You are currently viewing Market Outlook #135

Market Outlook #135

Market Outlook #135 (26th July 2021)

Hello, and welcome to the 135th instalment of my Market Outlook.

In this week’s post, I will be covering Bitcoin, Ethereum, Cardano, Litecoin, Chainlink, Solana, Monero, THORChain and Fantom.

As ever, if you have any requests for next week, please do drop me an email or leave a comment.

Bitcoin:

Weekly:

BTCUSDWeekly

Daily:

BTCUSDDaily

Price: $38,231

Market Cap: $717.490bn

Thoughts: If we begin by looking at the weekly chart for BTC/USD, we can see that last week closed with a bullish engulfing on higher volume than the preceding two weeks (albeit still relatively low), with price having found support above the $28.7k lows. If you recall from last week, I wanted to see a wick below to take out the clean double bottom in that $28.7k area, with the first swing-low there having formed in the Q1 2021 range and the second swing-low forming in June. Had we seen a sweep towards $28k, thus cleaning out all the stops that would be sitting below that double bottom, I would be feeling a lot more bullish than I currently am for the mid-term. Now, that is not to say that the reaction since (particularly that of today’s price-action) is not now pointing to a deeper squeeze, which we have all been expecting as a potential complacency shoulder since May. In fact, looking at price now, if we are able to hold above $37.3k and derivatives funding stays neutral to negative, I would expect to see those $41-42k highs finally taken out at the top of the range, with the potential for a liquidation cascade of shorts into that April low at $46.9k. The trigger for that squeeze higher into the mid-$40k region will be if we start to see price acceptance above the top of the range at $42k on the daily timeframe, in my opinion.

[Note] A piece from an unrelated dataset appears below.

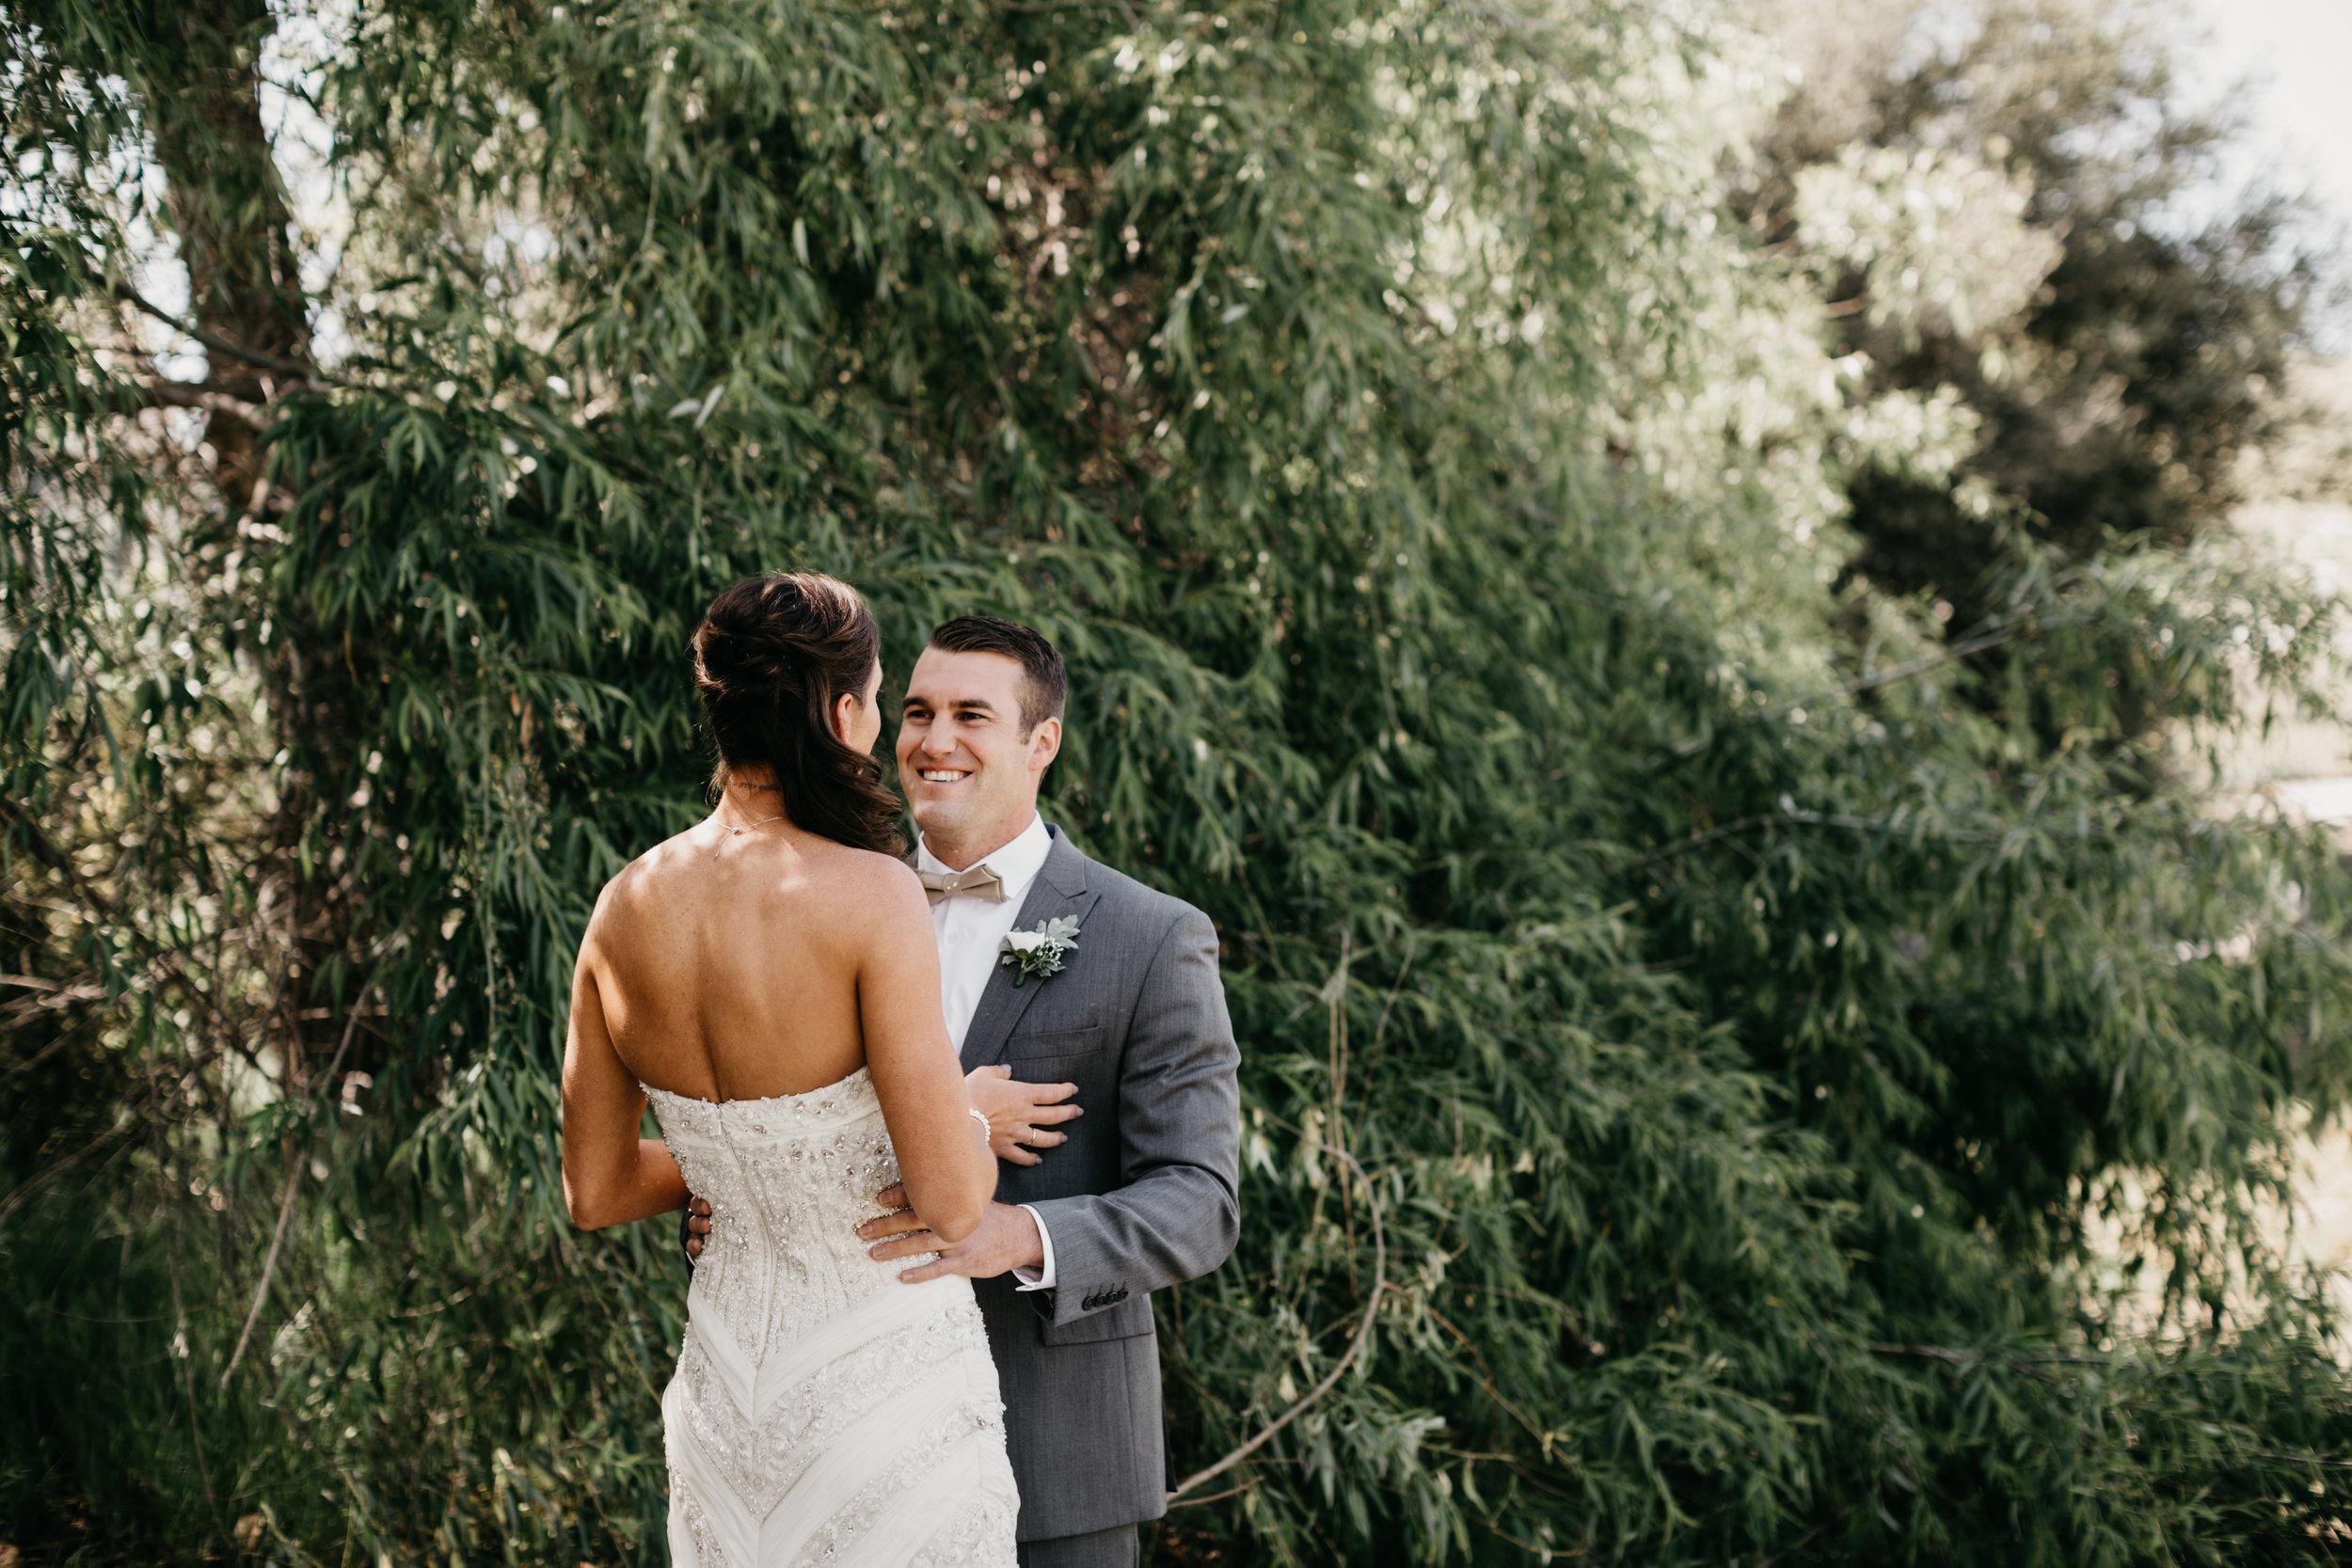 C+J-Grace-Maralyn-Estate-Wedding-Diana-Lake-Photography462.jpg

If, however, we sweep the top of the range this week and then begin to break down and print a swing-failure, I’d be looking for shorts all the way back to $28.7k. If, instead, we get a daily close above $42k, I’ll be looking for intraweek longs up towards $46.9k. Now, looking further ahead, should price enter that $47k area, it will no doubt have to break above trendline resistance from the all-time high and possibly even close the weekly back above range highs at $42k (a breakout above which led to bullish continuation back in February). Thus, weekly market structure would turn bullish as price has closed at a higher-high. In that scenario, it becomes much more plausible that we are on track for bullish continuation, but my primary issue with this is the fact that $28.7k was not swept – there are rarely ever free rides and certainly not prior to a charge to new all-time highs.

As such, I find myself conflicted, but I am leaning towards the following scenarios: a) Price sweeps $42k and rejects, printing a failed breakout of the range – short this back towards those clean lows at $28.7k. b) Price breaks out above $42k and closes above it on the weekly – re-enter partial spot that was sold above $48k with a hard stop on a close back inside the range. c) Price squeezes all the way into $47k+ – hedge 50% of spot exposure and un-hedge if $58k is reclaimed, getting short on derivatives if I see derivatives premiums and breakdown at resistance on lower timeframes.

Beyond the above three scenarios, this is a very confusing area for mid-term expectations. Ultimately, I would be very surprised if we left $28.7k untapped before breaking above $65k, but I have been surprised before. Short-term, however, there is no doubt that this looks like it has at least another 10% squeeze in it up into the range high, which is where I’ll begin looking for a reaction.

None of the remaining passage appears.